Innovation in hash tables

Andrew Krapivin, a young computer scientist, along with colleagues Martín Farach-Colton and William Kuszmaul, has disproved a long-standing conjecture by Andrew Yao regarding hash tables. Their January 2025^[1] paper introduces a new hash table design that performs queries and insertions faster than previously believed possible, with times proportional to (log x)² instead of x.

Additionally, they discovered that non-greedy hash tables can achieve a constant average query time, independent of the table's fullness. This breakthrough challenges conventional wisdom and opens new avenues for understanding and optimizing data structures. Experts hail the work for its elegance and potential future impact on data structure efficiency.

Implementing the strategies described in the paper, such as elastic hashing and funnel hashing, in Java involves creating a custom hash table structure that adheres to the principles outlined. Below is a simplified example of how you might implement a basic version of these strategies in Java. Note that this is a conceptual implementation and may need further optimization and testing for production use.

Elastic Hashing

Elastic hashing involves dynamically adjusting the probe sequence to achieve better performance.

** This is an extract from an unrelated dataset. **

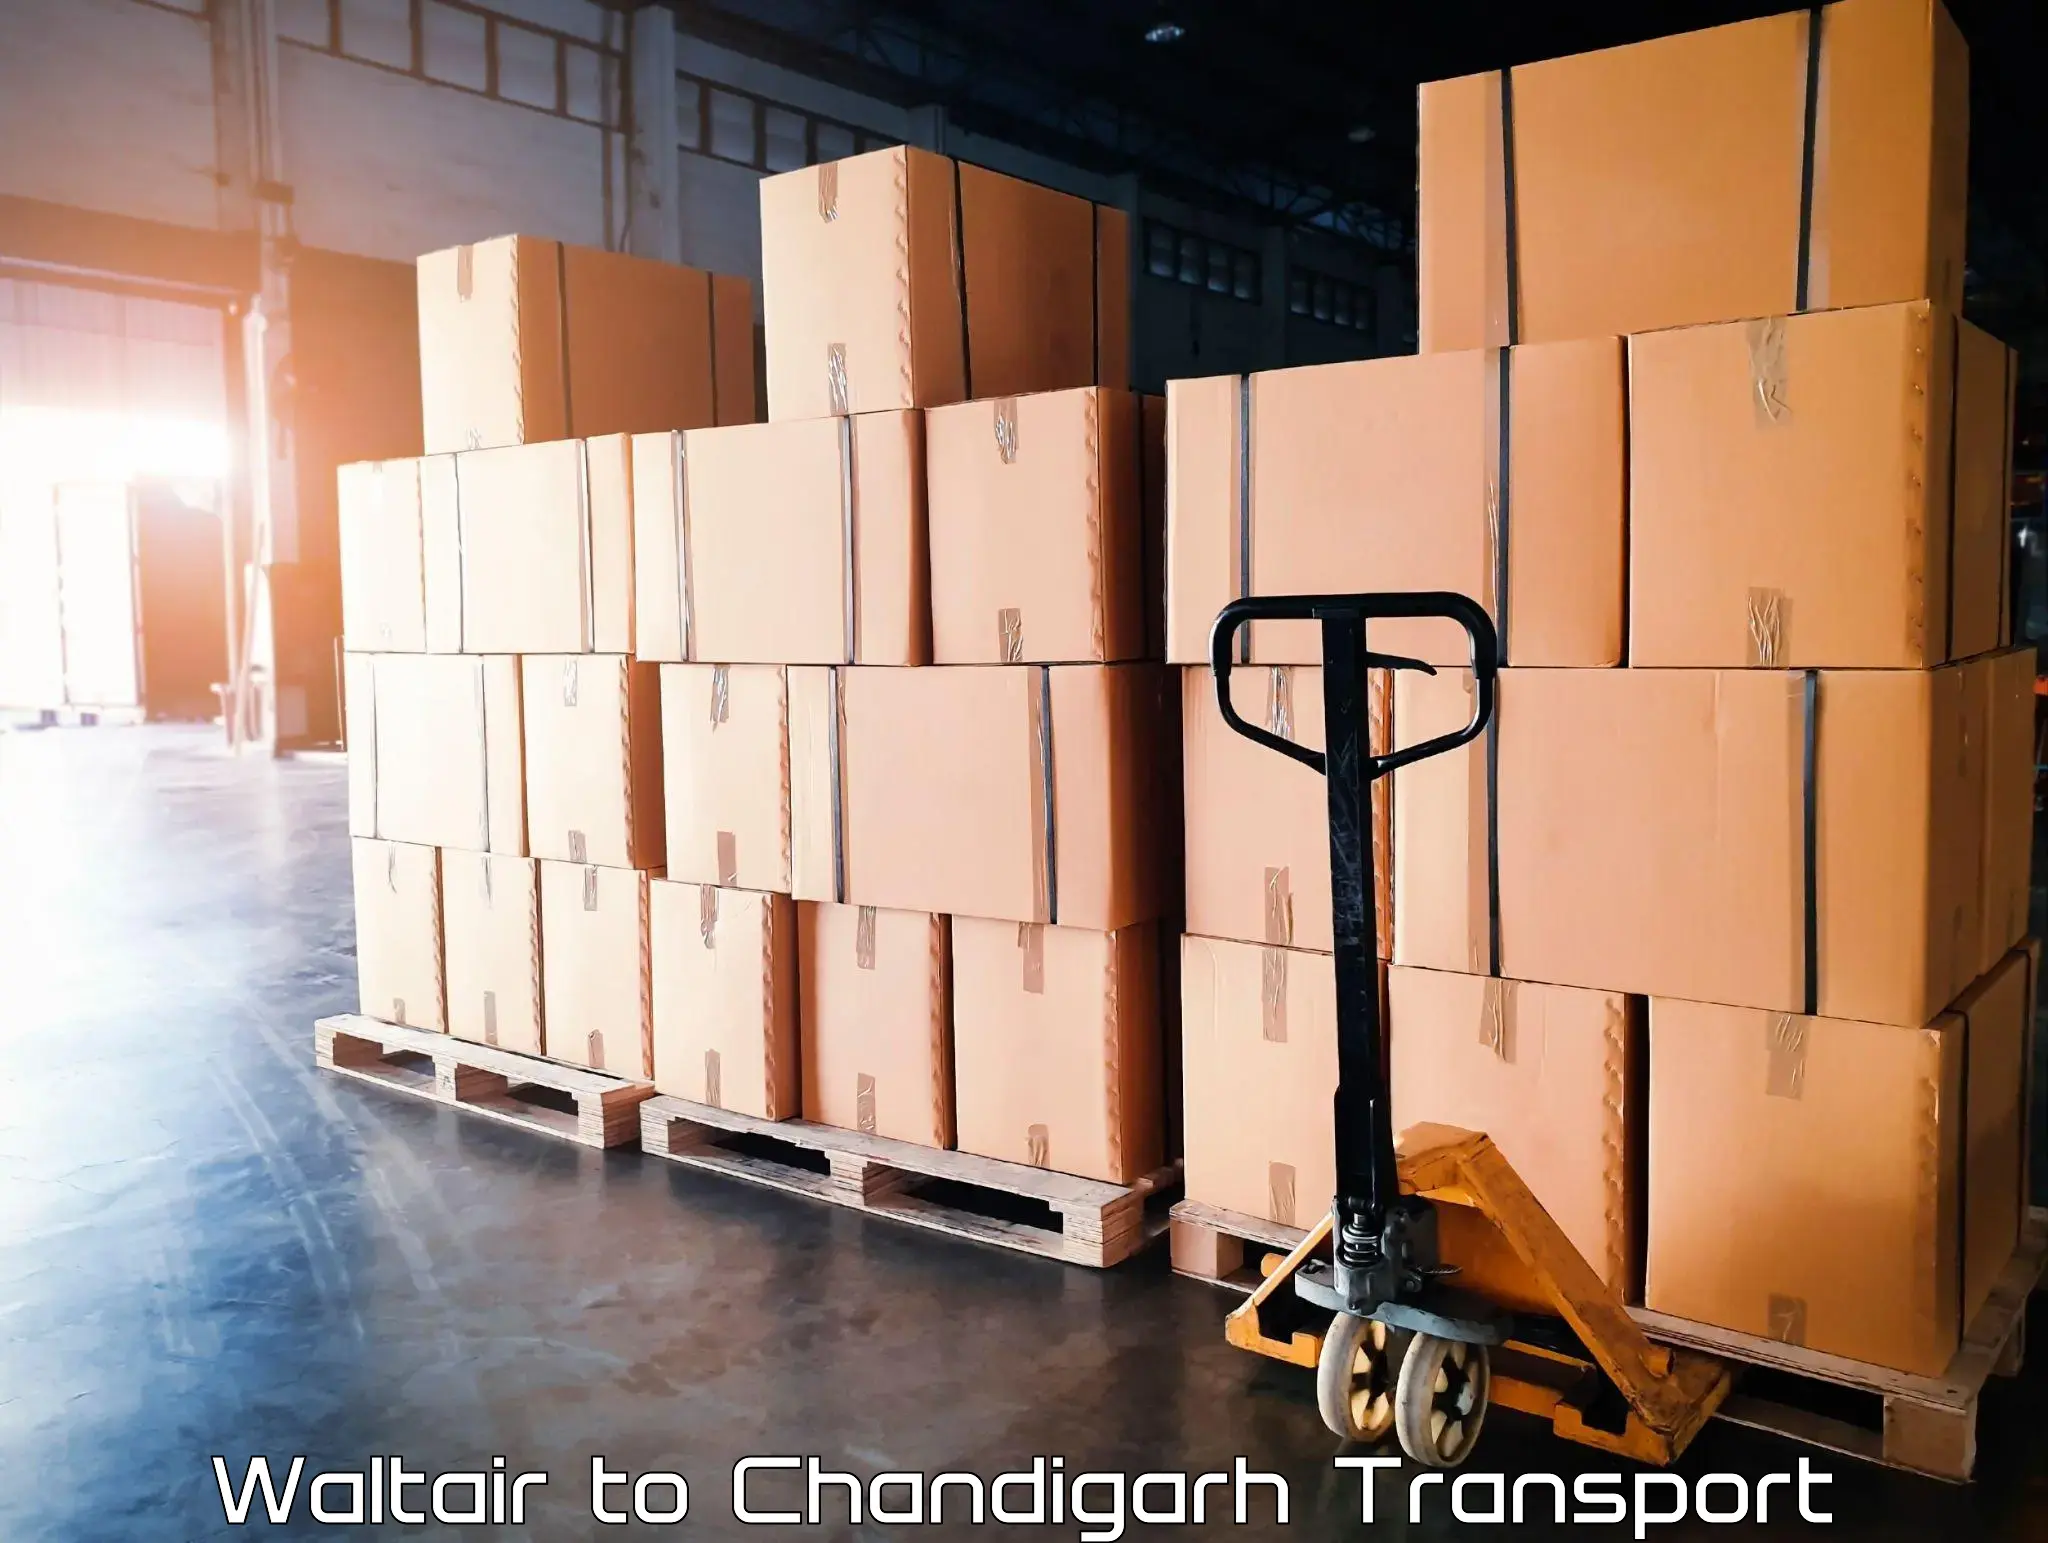 Truck transport companies in India Waltair to Chandigarh

Here's a basic outline:

import java.util.Random;

public class ElasticHashTable<K, V> {
    private Entry<K, V>[] table;
    private int size;
    private double loadFactor;
    private Random random;

    public ElasticHashTable(int capacity, double loadFactor) {
        this.size = 0;
        this.loadFactor = loadFactor;
        this.table = new Entry[capacity];
        this.random = new Random();
    }

    public boolean insert(K key, V value) {
        int initialPosition = hash(key);
        int probeLength = calculateProbeLength(key);

        for (int i = 0; i < probeLength; i++) {
            int position = (initialPosition + probeSequence(i)) % table.length;
            if (table[position] == null) {
                table[position] = new Entry<>(key, value);
                size++;
                return true;
            }
        }
        return false;
    }

    private int hash(K key) {
        return Math.abs(key.hashCode()) % table.length;
    }

    private int calculateProbeLength(K key) {
        // Implement the logic to calculate probe length based on load factor
        return (int) (Math.log(1 / loadFactor) + 1);
    }

    private int probeSequence(int i) {
        // Implement the logic for the probe sequence
        return random.nextInt(table.length);
    }

    public V get(K key) {
        int initialPosition = hash(key);
        int probeLength = calculateProbeLength(key);

        for (int i = 0; i < probeLength; i++) {
            int position = (initialPosition + probeSequence(i)) % table.length;
            if (table[position] != null && table[position].key.equals(key)) {
                return table[position].value;
            }
        }
        return null;
    }

    private static class Entry<K, V> {
        K key;
        V value;

        Entry(K key, V value) {
            this.key = key;
            this.value = value;
        }
    }
}

Funnel Hashing

import java.util.Arrays;

public class FunnelHashTable<K, V> {
    private Entry<K, V>[][] levels;
    private int size;
    private double loadFactor;

    public FunnelHashTable(int capacity, double loadFactor) {
        this.size = 0;
        this.loadFactor = loadFactor;
        int levelsCount = (int) Math.ceil(Math.log(1 / loadFactor) / Math.log(2));
        this.levels = new Entry[levelsCount][];
        for (int i = 0; i < levelsCount; i++) {
            levels[i] = new Entry[(int) (capacity / Math.pow(2, i))];
        }
    }

    public boolean insert(K key, V value) {
        for (Entry<K, V>[] level : levels) {
            int position = hash(key, level.length);
            if (level[position] == null) {
                level[position] = new Entry<>(key, value);
                size++;
                return true;
            }
        }
        return false;
    }

    private int hash(K key, int levelSize) {
        return Math.abs(key.hashCode()) % levelSize;
    }

    public V get(K key) {
        for (Entry<K, V>[] level : levels) {
            int position = hash(key, level.length);
            if (level[position] != null && level[position].key.equals(key)) {
                return level[position].value;
            }
        }
        return null;
    }

    private static class Entry<K, V> {
        K key;
        V value;

        Entry(K key, V value) {
            this.key = key;
            this.value = value;
        }
    }
}

Notes

Probe Sequence: The probe sequence logic should be implemented according to the specifics of elastic hashing or funnel hashing as described in the paper.

Load Factor: The load factor is used to determine the probe length and manage the table's capacity.

Optimization: This code is a simplified version and may require additional optimizations, especially for handling collisions and ensuring efficient memory usage.